Royalty revenue consists of payments received from licensees for a portion of sales proceeds from products that utilize the Companys licensed technologies and is recognized when the amount of and basis for such royalty payments are reported to the Company in accurate and appropriate form and in accordance with the related license agreement.
Cash received in advance of revenue recognition is recorded as deferred revenue.

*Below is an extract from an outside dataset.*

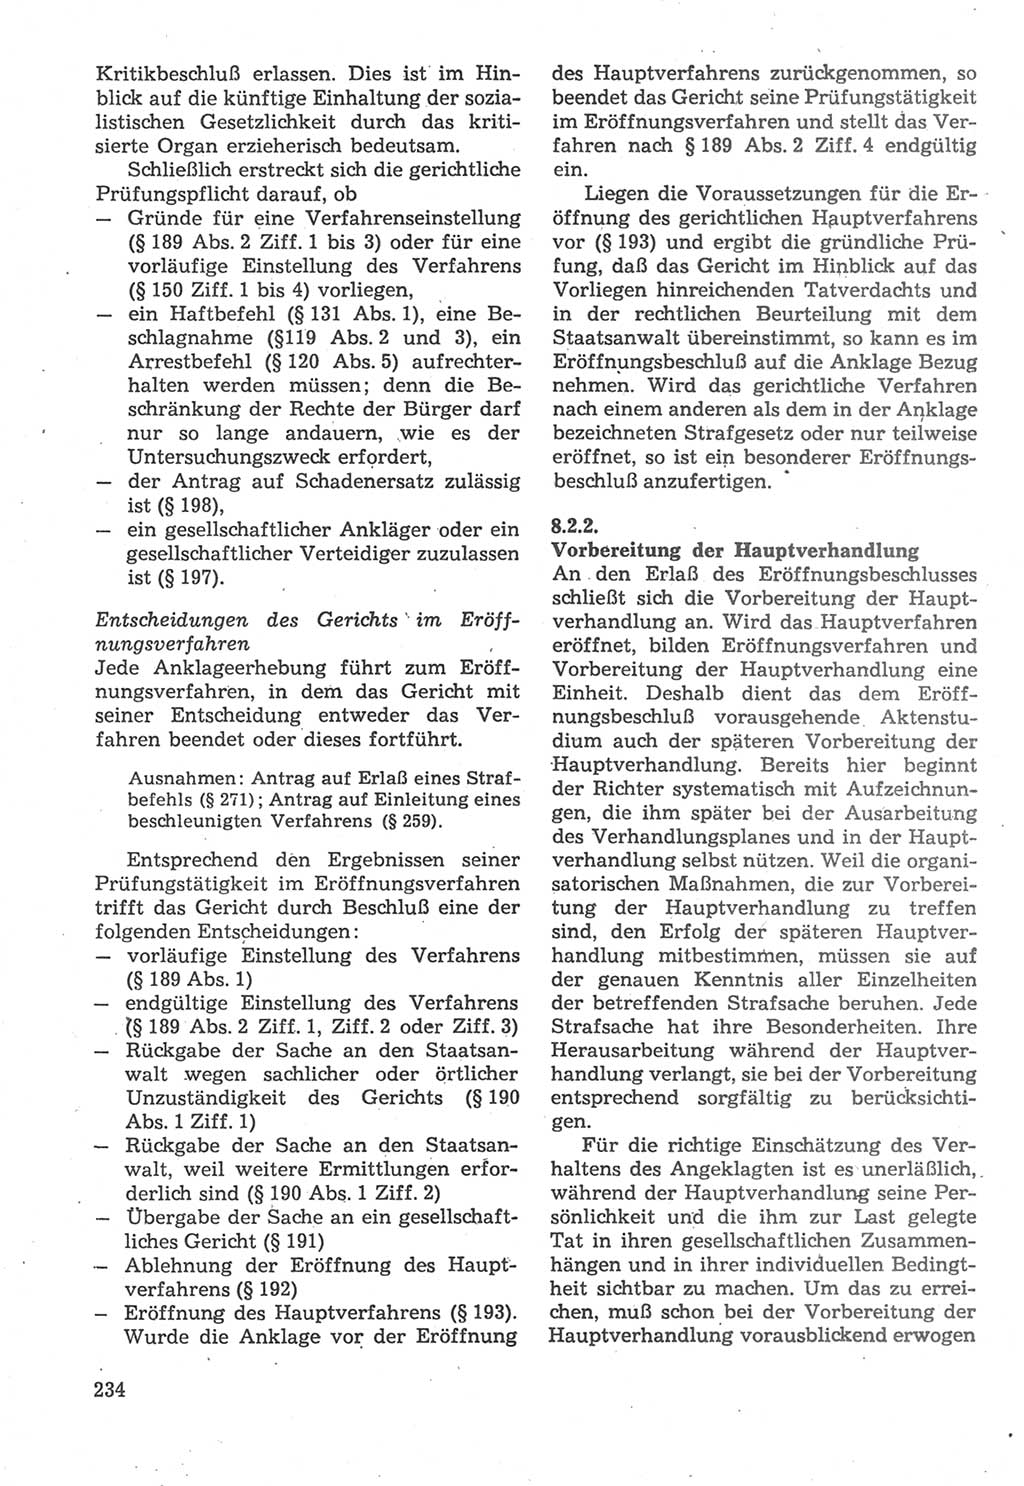 Strafverfahrensrecht [Deutsche Demokratische Republik (DDR)], Lehrbuch 1987, Seite 234 (Strafverf.-R. DDR Lb. 1987, S. 234)

Significant Judgments and Estimates
Insurance Claim Receivable
As of March 31, 2003, the Company had an outstanding insurance claim of approximately $3,700,000, for services rendered through May 30, 2001 by the group of law firms defending the Company in the Redux-related product liability litigation. The full amount of the Companys current outstanding insurance claim is made pursuant to the Companys product liability policy issued to the Company by Reliance Insurance Company (Reliance), which is in liquidation proceedings. Based upon discussions with its attorneys and other consultants regarding the amount and timing of potential collection of its claims on Reliance, the Company has recorded a reserve against its outstanding and estimated claim receivable from Reliance to reduce the balance to the estimated net realizable value of $1,258,000 reflecting the Companys best estimate given the available facts and circumstances. The Company believes its reserve of approximately $2,500,000 against the insurance claim on Reliance as of March 31, 2003 is a significant estimate reflecting managements judgment. To the extent the Company does not collect the insurance claim receivable of $1,258,000, the Company would be required to record additional charges. Alternatively, if the Company collects amounts in excess of the current receivable balance, the Company would record a credit for the additional funds received in the statement of operations.
Redux-Related Liabilities
The Company also has an accrued liability of approximately $1,200,000 for Redux-related expenses, including legal expenses. The amounts the Company ultimately pays could differ significantly from the amount currently accrued at March 31, 2003. To the extent the amounts paid differ from the amounts accrued, the Company will record a charge or credit to the statement of operations.
Results of Operations
Total revenues increased significantly to $2,871,000 in the three month period ended March 31, 2003 from $86,000 in the three month period ended March 31, 2002 and remained relatively constant at $3,693,000 in the six month period ended March 31, 2003 compared to $3,627,000 in the six month period ended March 31, 2002. Royalty revenue of $2,857,000 in the three and six month periods ended March 31, 2003 relate to royalties received from Lilly for sales of Sarafem and include $2,184,000 of accelerated milestone payments received from Lilly in February 2003. Royalty revenue of $3,213,000 in the six month period ended March 31, 2002 included $3,199,000 of royalty revenue from Lilly in the three month period ended December 31, 2001. Contract and license fee revenue of $836,000 in the six month period ended March 31, 2003 consisted primarily of $777,000 from an initial payment received from Lilly related to the renegotiated agreement for Sarafem. Contract and license fee revenue in the three and six month periods ended March 31, 2002 consisted primarily of revenue from a research grant related to certain PRO 2000 development costs.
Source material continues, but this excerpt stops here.